Among their sacrifices was trading a Spokane landmark — the century-old Tudor-style Folsom House in the Rockwood Historic District — for a move to the Glenrose Prairie with 14 acres. It included a red barn and a dilapidated cabin that Patricia transformed into The Farmstead at Winescape, a VRBO featuring Pendleton blankets.

“We bought the property and built the facility with winemaking in mind,” she says. “We chose not to have any partners because it just didn’t seem to make any sense for two college professors to do that at our age. And we had some really good business advisers from the start.”

They began in earnest with 150 cases from the 2015 vintage, which featured a Cab from Heart of the Hill, and made those first wines at various facilities in Eastern Washington. One of their best investments was contracting with renowned Seattle architect Tom Kundig — a Spokane native — to map out their winery/tasting room. Kundig’s portfolio includes the iconic Mission Hill Family Estate in Kelowna, British Columbia.

Winescape opened in November 2017, and steady growth led them to produce 2,000 cases worth of wine from the 2022 vintage.

On occasion, Phillip will seek advice from retired winemaker Kerry Norton, an Oregon State grad who spent two decades at Covey Run, Columbia Winery and then The Hogue Cellars and still lives in the Yakima Valley.

“He’s been a good friend of ours for a while, and he’s been our savant,” Patricia says.

Meanwhile, their winemaking son, Tristan, has worked his way far enough up the ranks with Ste.
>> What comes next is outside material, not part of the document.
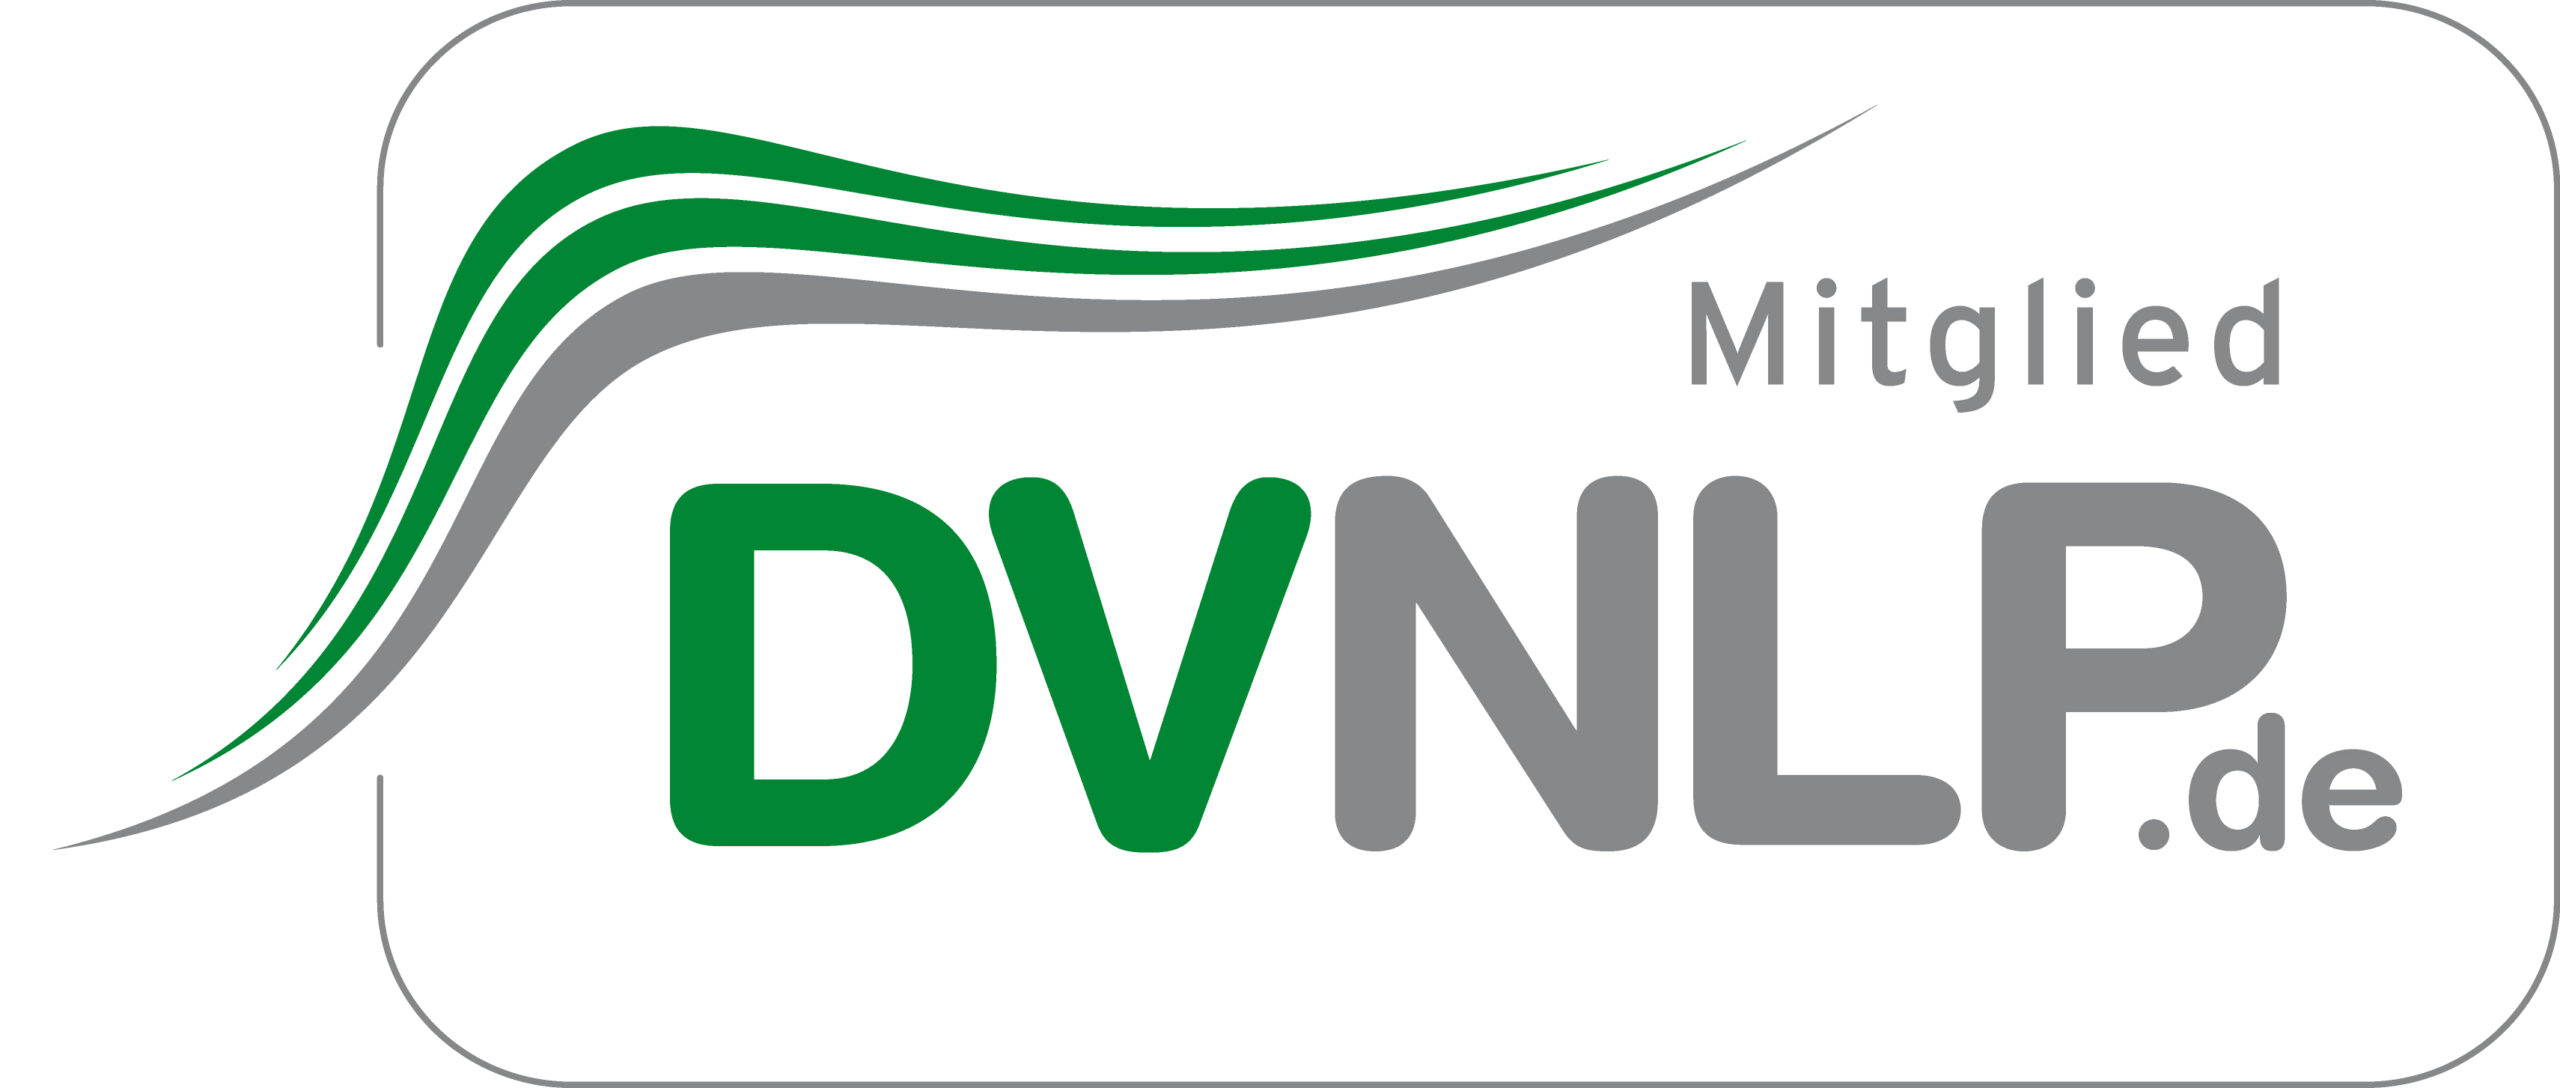 Mitglied DVNLP.de

Michelle Wine Estates that his signature appears on bottles of some Chateau Ste. Michelle reserve wines. His parents continually pinch themselves, especially around the holidays, with their son, their winemaking daughter-in-law and grandchild an afternoon’s drive away.
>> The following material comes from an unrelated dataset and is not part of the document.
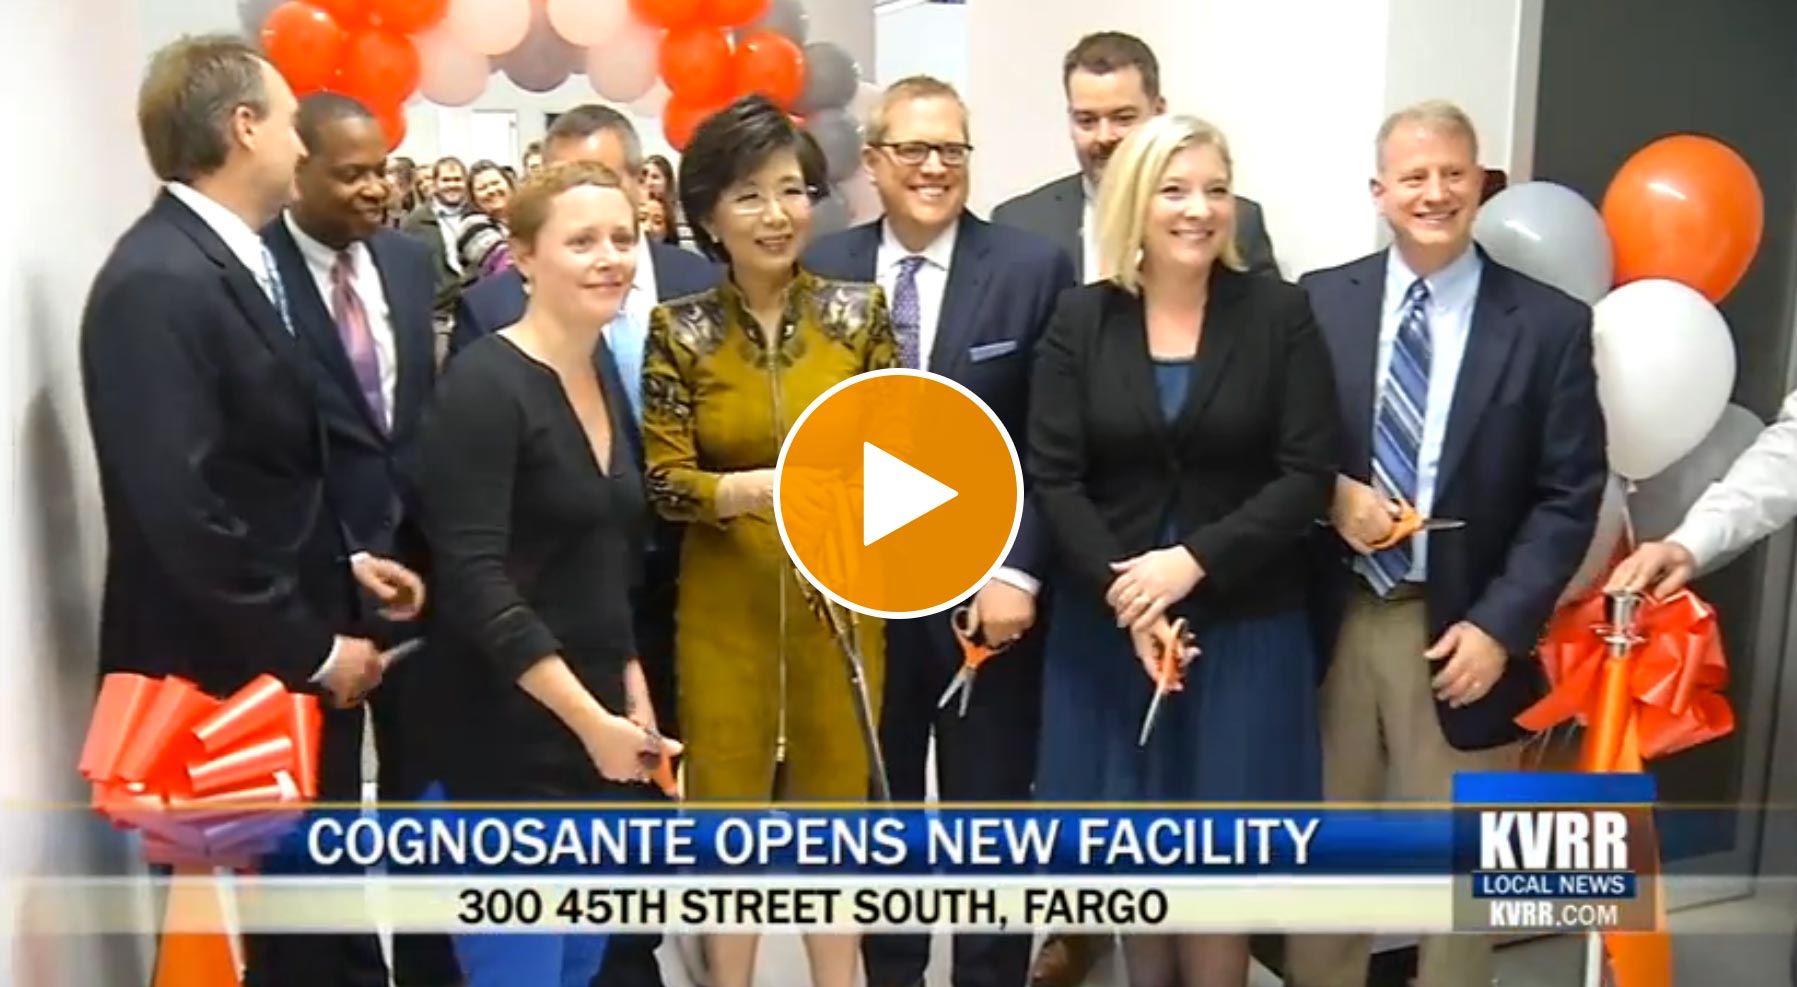 Cognosante Celebrates Opening of New Facility

In the Winescape lineup, the most talked-about bottle might be the Syrah-based Marmot Incarnate.

“We wanted to come up with a name that was a Spokane thing,” Patricia says. “At the campus, it seems that you can be greeted by 1,000 marmots along the way that live among the basalt rocks — and then there’s the Catholic connection at Gonzaga.”

The likeness of a marmot’s face is cleverly watermarked into the moonscape of the eye-catching and versatile label design by Portland artist Michael Kirts, whose client list at Heroist.com includes Oregon cult producers Antica Terra, Ashlyn and Evening Land.
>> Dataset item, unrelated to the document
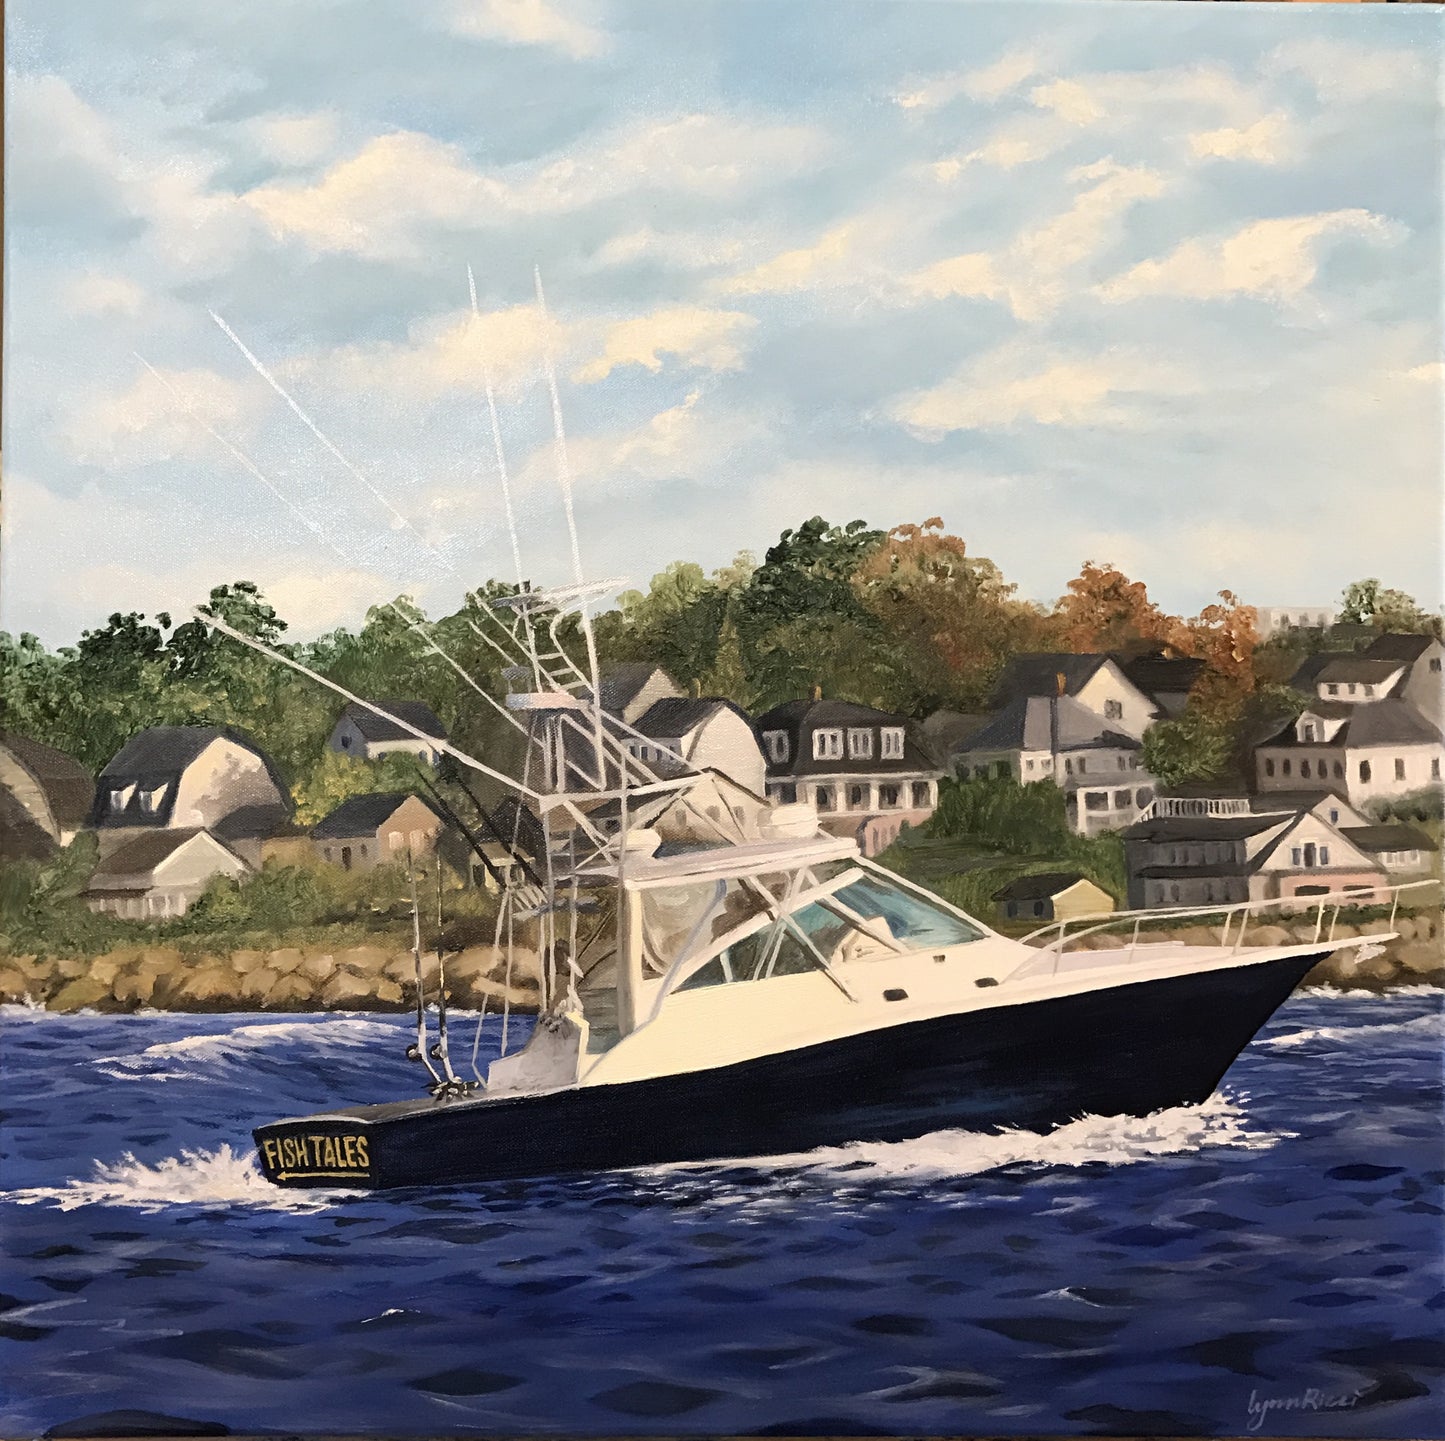 Fran's boat - Commissioned - Artwork of Lynn Ricci

For the Butterfields, their lives together have always revolved around school. They started out as high school sweethearts in Colorado, albeit at different schools, and even though they matriculated to different colleges, they stayed connected. Wedding vows were exchanged in 1980.

“We were just as different then as we are now,” Patricia says. “It’s a miracle because we were products of the ‘70s, and it was pretty nutty then in Colorado.”

It says something about this corner of the Pacific Northwest that for the second straight year the Spokane Wineries Association can point to one of its members as the Washington Winery to Watch. (In 2022, the honor went to Liberty Lake Wine Cellars.)

Last year, Patricia served as president of the Spokane group. This year, she’s back as vice president to help the region continue its agritourism efforts.

“The South Hill has been a good place for us to draw from,” Phillip says. “And the Perry District has a nice vibe to it, like Spokane’s version of Green Lake in Seattle. There are nice breweries, a farmer’s market, and you can make it from there to here in 10 minutes.”